His argument was reinforced by the zero effect that the injection of Sh15.3 billion worth of dollars into the market on Wednesday had.
Although he reckons that the shilling has been reacting to a strong dollar and the gloomy global markets, he says poor communication from the Central Bank and the mixed signals to the market are also to blame.
“The dollar is very strong and as you can see, the shilling is stable against for instance the Euro and the Pound. However, you cannot say you will do nothing.

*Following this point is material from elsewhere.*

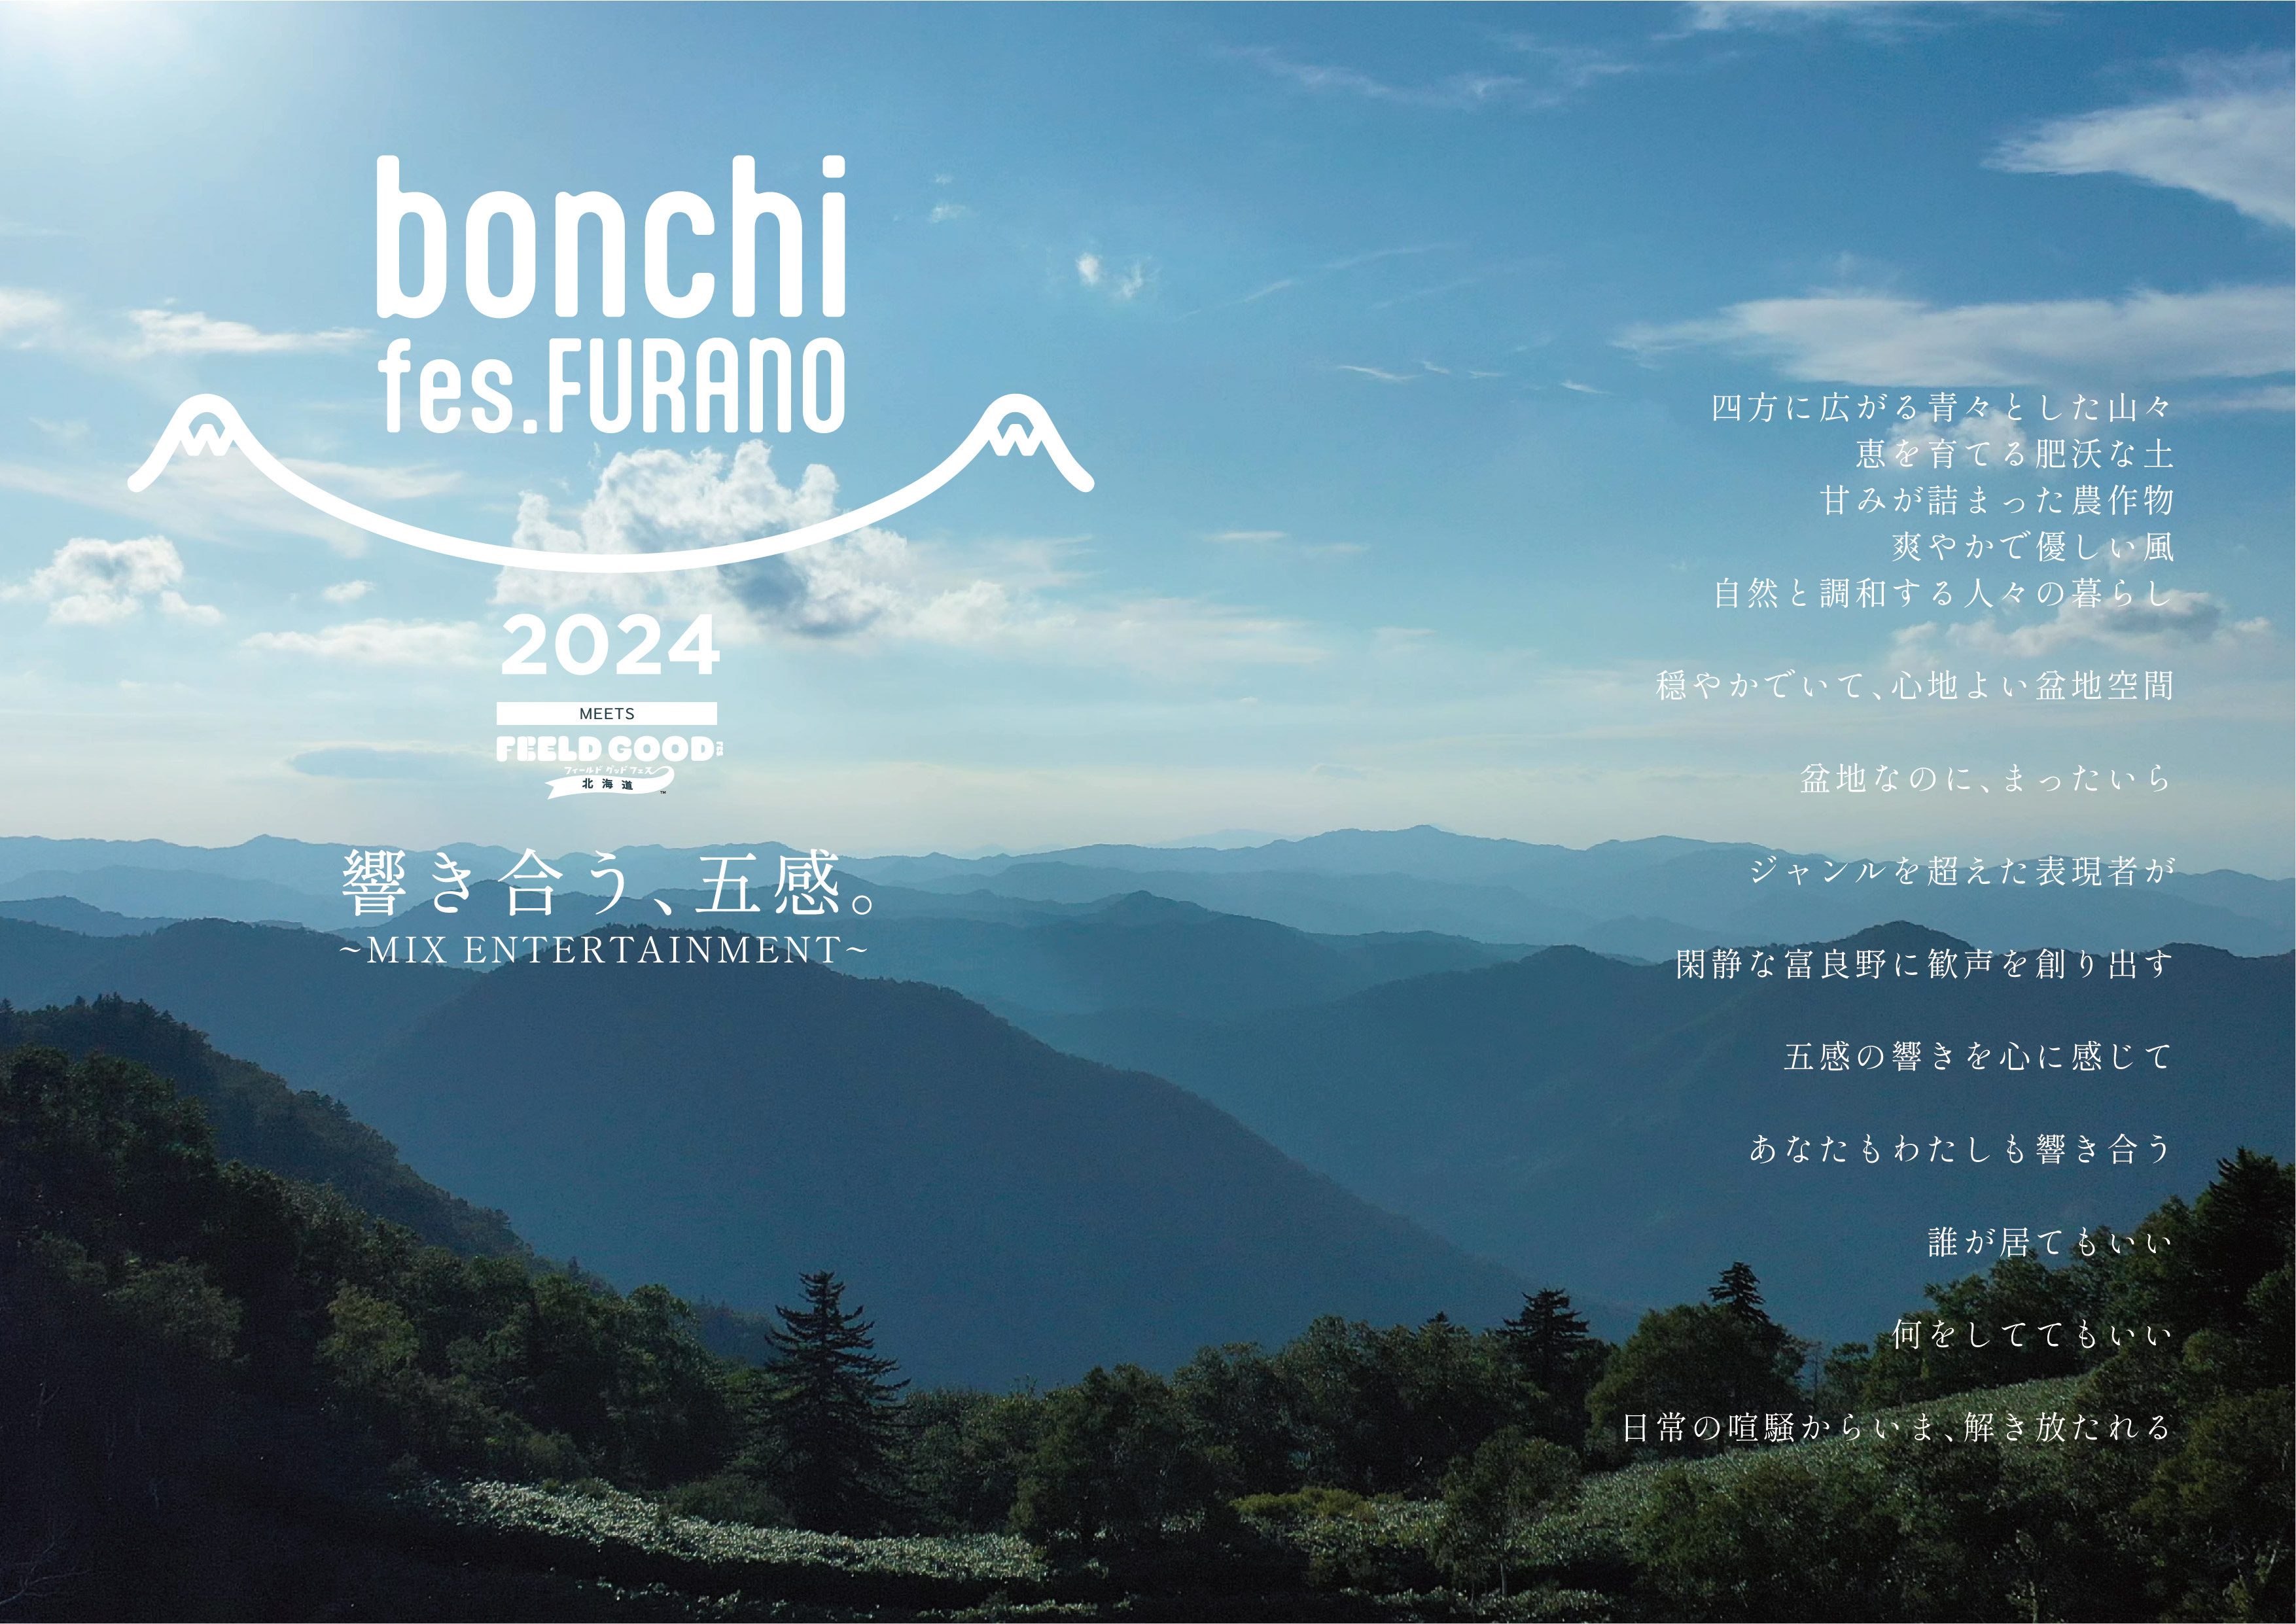 kCxǖ̑厩RŌ܊tFXIwbonchi fes. FURANO 2024 meets FEELD GOOD FES.xJÌI

The market will definitely react to that,” he said in reference to the CBK’s insistence that it would not act to save the local unit.
CBK Governor Prof Njuguna Ndung’u has continued to maintain that the local currency fundamentals are strong and exuded confidence that the market will self-correct particularly when the uncertainties in the Euro zone are addressed and the volatility in the international market stabilises.
On this basis, the CBK has in the past three months announced what analysts term as a ‘half-hearted’ policy stance that have done little to give direction to the market.
Other signals such as its indecision on the Discount Overnight Window, which at one point was raised to eight percent, reversed to its original rate two weeks later and had a new formula announced a few days later have only served to further confuse the market.
Granted, there are a few market players that have taken advantage of the situation, but the soaring inflation and rising interest rates have only made matters worse.
The shilling has twice breached previously set psychological levels of Sh90 and Sh95 and analysts concur that soon, it will also break the Sh100 mark.
Recommendations that the Central Bank should take bold and drastic action such as raising the benchmark Central Bank Rate (CBR) by more than 200 basis points have largely fallen on deaf ears.
The result has been that the perception that the currency is on a ‘one-way’ risk has continued to be fuelled.
The free fall is also making a mockery of the MPC’s decision to hike the Central Bank Rate by a mere 75 basis in last week’s special meeting.
The gloomy picture is now being reflected in the Nairobi Stock Exchange which itself is witnessing a bear run that has seen foreign investors adopt a cautious approach.
Retail investors have largely stayed away from the market. The net effect has been a blow to the equities market.